Once upon a Twitter feed…
Reaching through dreams, she gathers a village of 87,000, telling stories in 140 characters or less. Stories of colonization and resistance, of animals, spirits, stories of staking out sacred ground and stoking the fire at its center. Iñupiaq rapper, writer, activist, and performance artist Allison Warden, who performs as AKU-MATU, began writing Twitter poems in Spring 2013. Her grandmother had just died, and on the way to the funeral the muse found her.
“Muses, really,” she says. “My ancestors.”
They had long spoken to her, but since that day they’ve sung remembering songs in bursts of verse on Twitter, banged out along the way of life on her paint-splattered iPhone.
“I am my ancestors’ experience of this technology,” says Warden. “I’m filtering their worldview through the reality of now. I try to intensely be my ancestors' perspective and hold that space on Twitter.”
After four years of Twitter poetry, Warden has approximately 87,000 followers, and her poems have been re-Tweeted, shared and re-shared, passed down over and over. The museum is pleased to support this creative effort as part of its Polar Lab project and will be re-tweeting the poem-posts throughout the summer. A book of these poems, titled “Taimanisaaq/Akkupak (Long Long Time Ago/Right Now) is available in the Anchorage Museum Store.

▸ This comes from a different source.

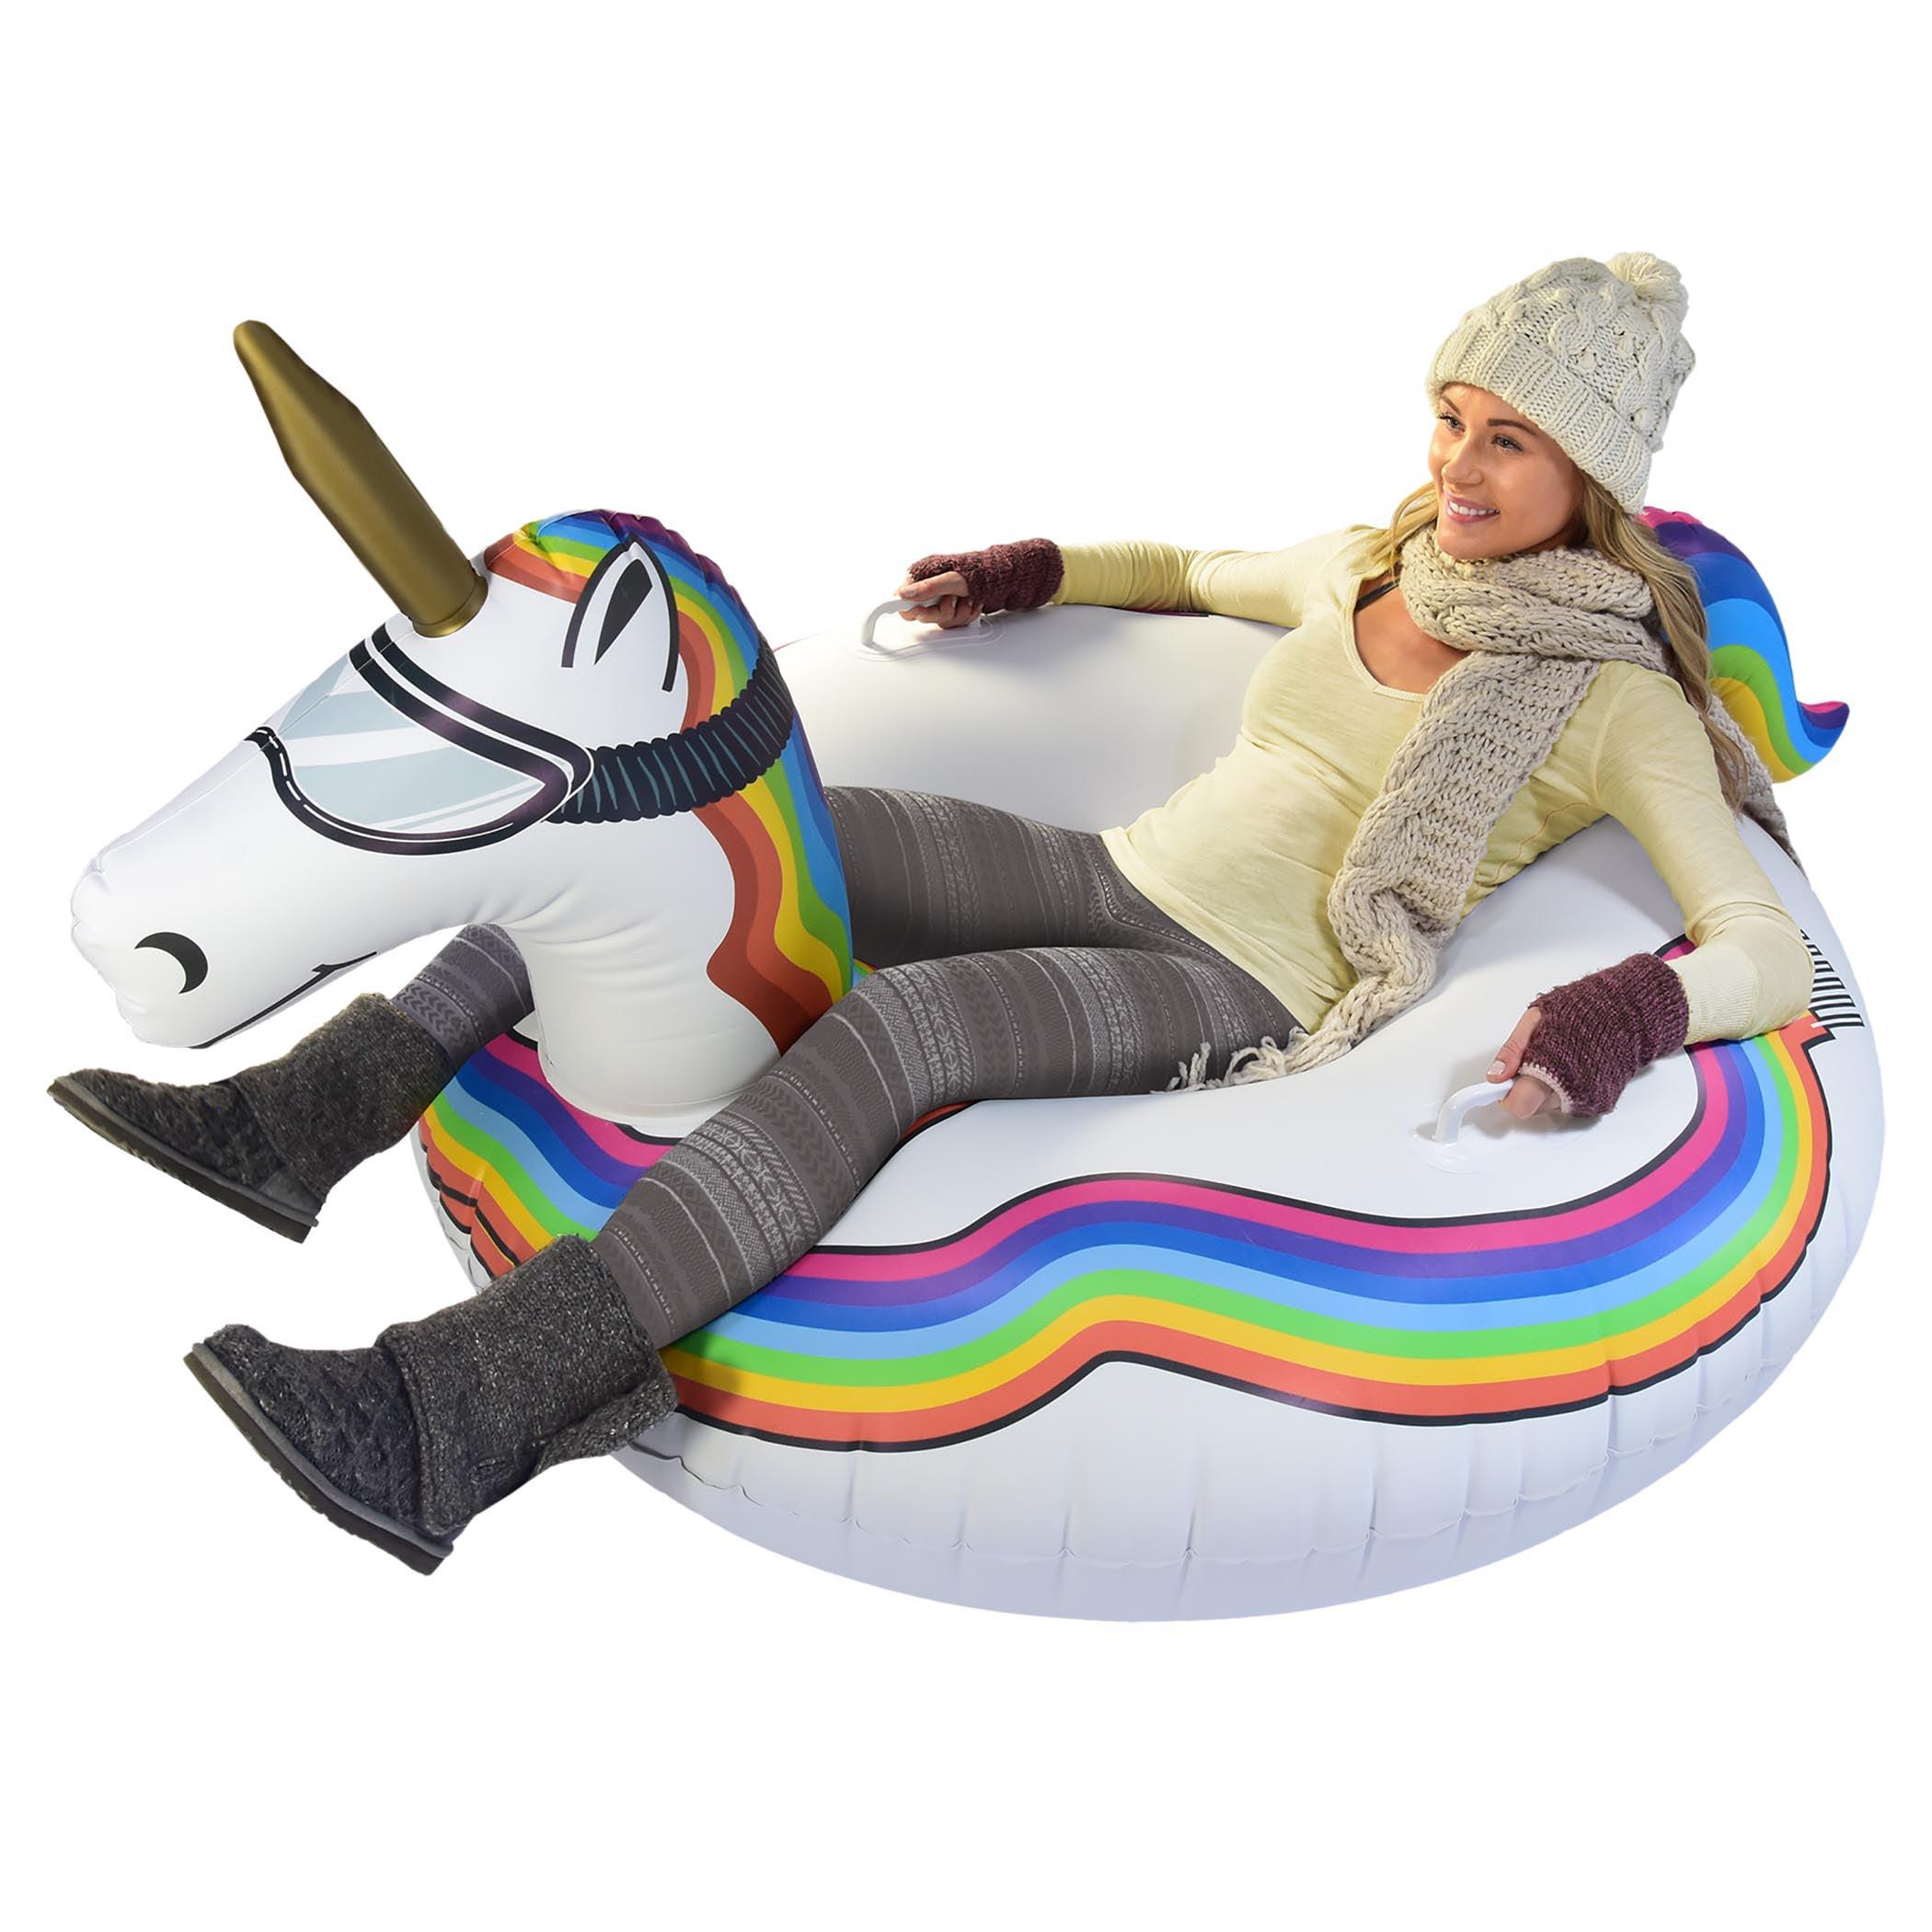 GoFloats Winter Snow Tube Unicorn The Ultimate Sled & Toboggan by P&P Imports; LLC

Museum visitors may recall Warden’s multimedia installation and two-month performance at the Anchorage Museum in Fall 2016 that took the form of an Iñupiat ceremonial qargi. Warden’s version was a futuristic recreation of a ceremonial house, where she allowed her audience to gently explore the space in a contemporary context. Warden described it as existing “in the space of where the hyper-future meets the super-ancient, a liminal space where myths are born and the Eagle Mother is honored with ceremony and dance.”